To determine the optimal lyophilization and storage conditions of NPs, unconjugated NPs were screened with a variety of concentrations of cryoprotectants. First, NPs at the final desired concentration were resuspended in either 1% w/v xylitol with 0.5% w/v mannitol, 2% w/v xylitol with 1% w/v mannitol, 10% w/v trehalose, 20% w/v trehalose, 10% w/v sucrose, or 20% w/v sucrose. NPs were either snap-frozen in liquid nitrogen or slowly frozen using a Mr. Frosty™ Freezing Container (Thermofisher Scientific) at -80°C for 6 h, and then thawed at RT before measuring the NP size. Sugars and concentrations that conferred protection with freeze/thaw cycles were selected for final study. Second, NPs were again frozen either slowly or snap-frozen as detailed above and then lyophilized using a FreeZone Triad Benchtop Freeze Dryer (LABCONCO, Kansas City, MO, USA) for 48–72 h. NPs were reconstituted and vortexed for 10 sec. Reconstituted NP size was then immediately measured by dynamic light scattering using a Malvern Zetasizer Nano ZS (Malvern, Worcestershire, UK). The most stable formulation at the lowest cryoprotectant concentration was then chosen for the vaccination studies. Stability is here defined as minimal size change from pre- to post-lyophilization that preserves the NP size below 50 nm (number average) as measured by DLS.

Lyophilization of UF6b- and CpG-Nanoparticles Used for Vaccination Study

UF6b-NPs and CpG-NPs were mixed with 20% w/v sucrose cryoprotectant to yield the desired dose of antigen/adjuvant with a final concentration of 10% w/v sucrose. The NPs were aliquoted by 300 µL into sterile 2.0 mL screw-top tubes, frozen overnight using a Mr. Frosty in an -80°C freezer and lyophilized using a FreeZone Triad Benchtop Freeze Dryer. The lyophilized powder was stored in the -80°C freezer until use. To reconstitute the NPs, 300 µL of DI water was added and vortexed for 10 sec. NPs were then immediately administered to mice.

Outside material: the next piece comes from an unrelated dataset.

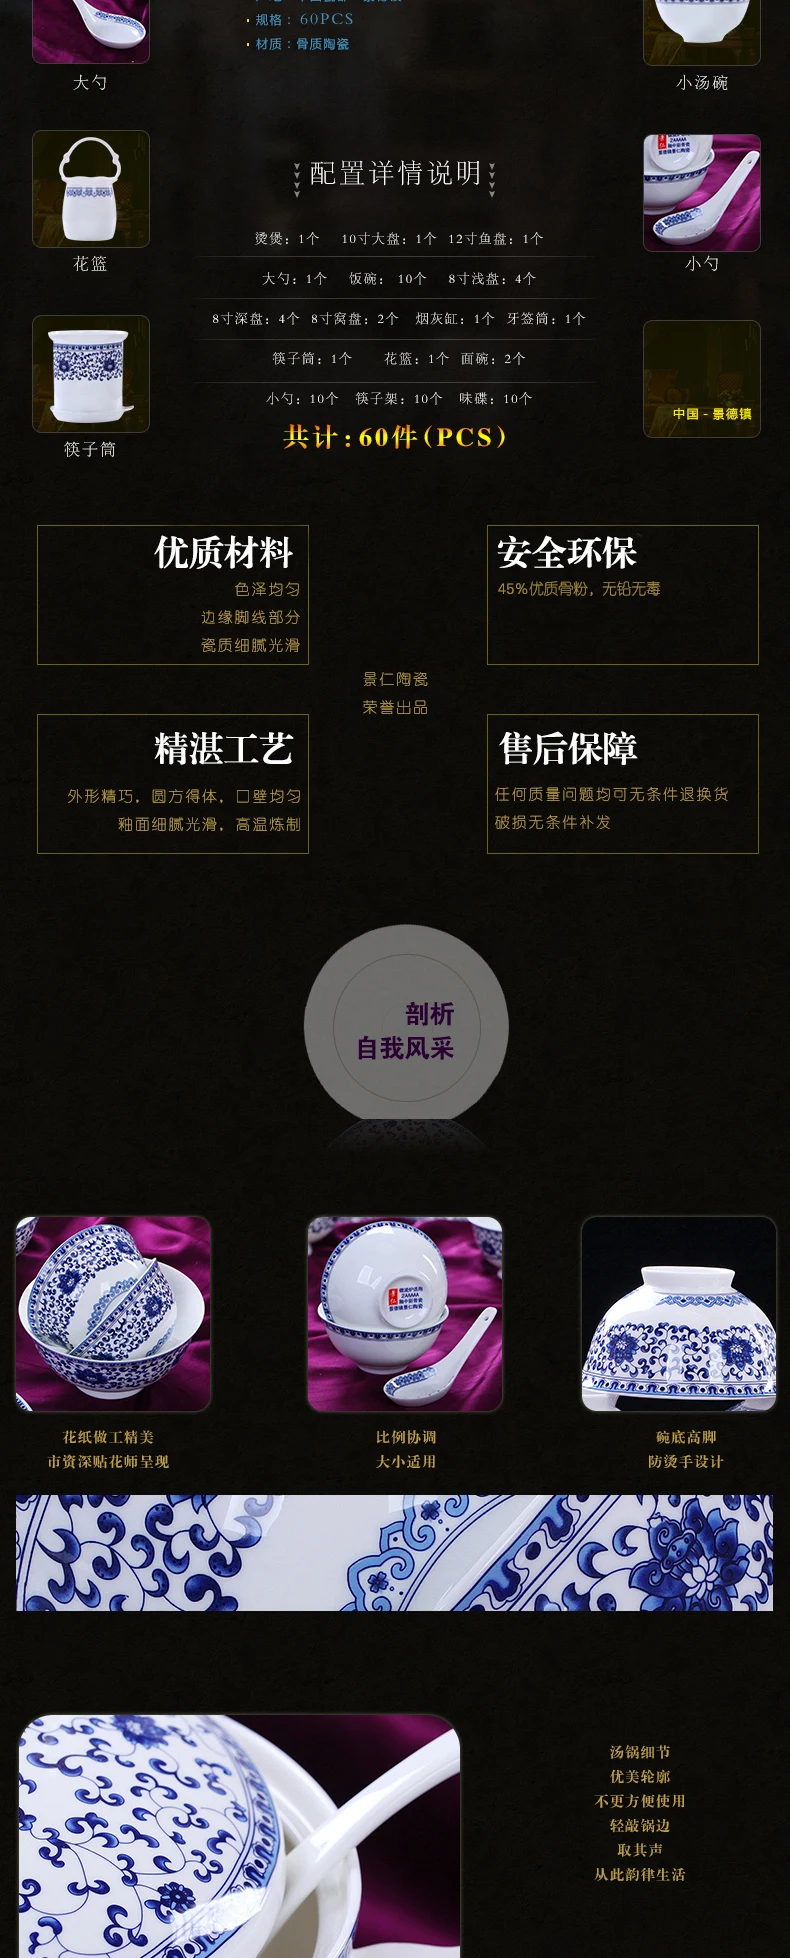 Цзин рен-посуда в Цзиндэчжэнь Набор 60 высококлассная керамическая посуда чаша голова костяного фарфора китайская бытовая

Physical Characterization of Nanoparticles

The NP before and after UF6b- or CpG-conjugation were diluted to 100 µg/mL in reference to polymer weight in 10 mM HEPES (pH 7.2, containing 10 mM NaCl) and the hydrodynamic diameter and zeta potential were both measured using a Malvern Zetasizer Nano ZS. The morphology and dry size of each NP was determined by transmission electron microscopy (TEM) using a Tecnai FEI-12 electron microscope (FEI Company, Hillsboro, OR, USA). Samples were diluted and 20 μL aliquots absorbed onto Electron Microscopy Sciences ionized nickel grids covered with carbon films for 30 min. The NP suspension was removed by blotting using Whatman filter paper or Kimwipe™. The samples were then stained with 2% w/v uranyl acetate for 45 sec. The grids were blotted to remove excess negative stain and allowed to dry in a chemical hood prior to imaging.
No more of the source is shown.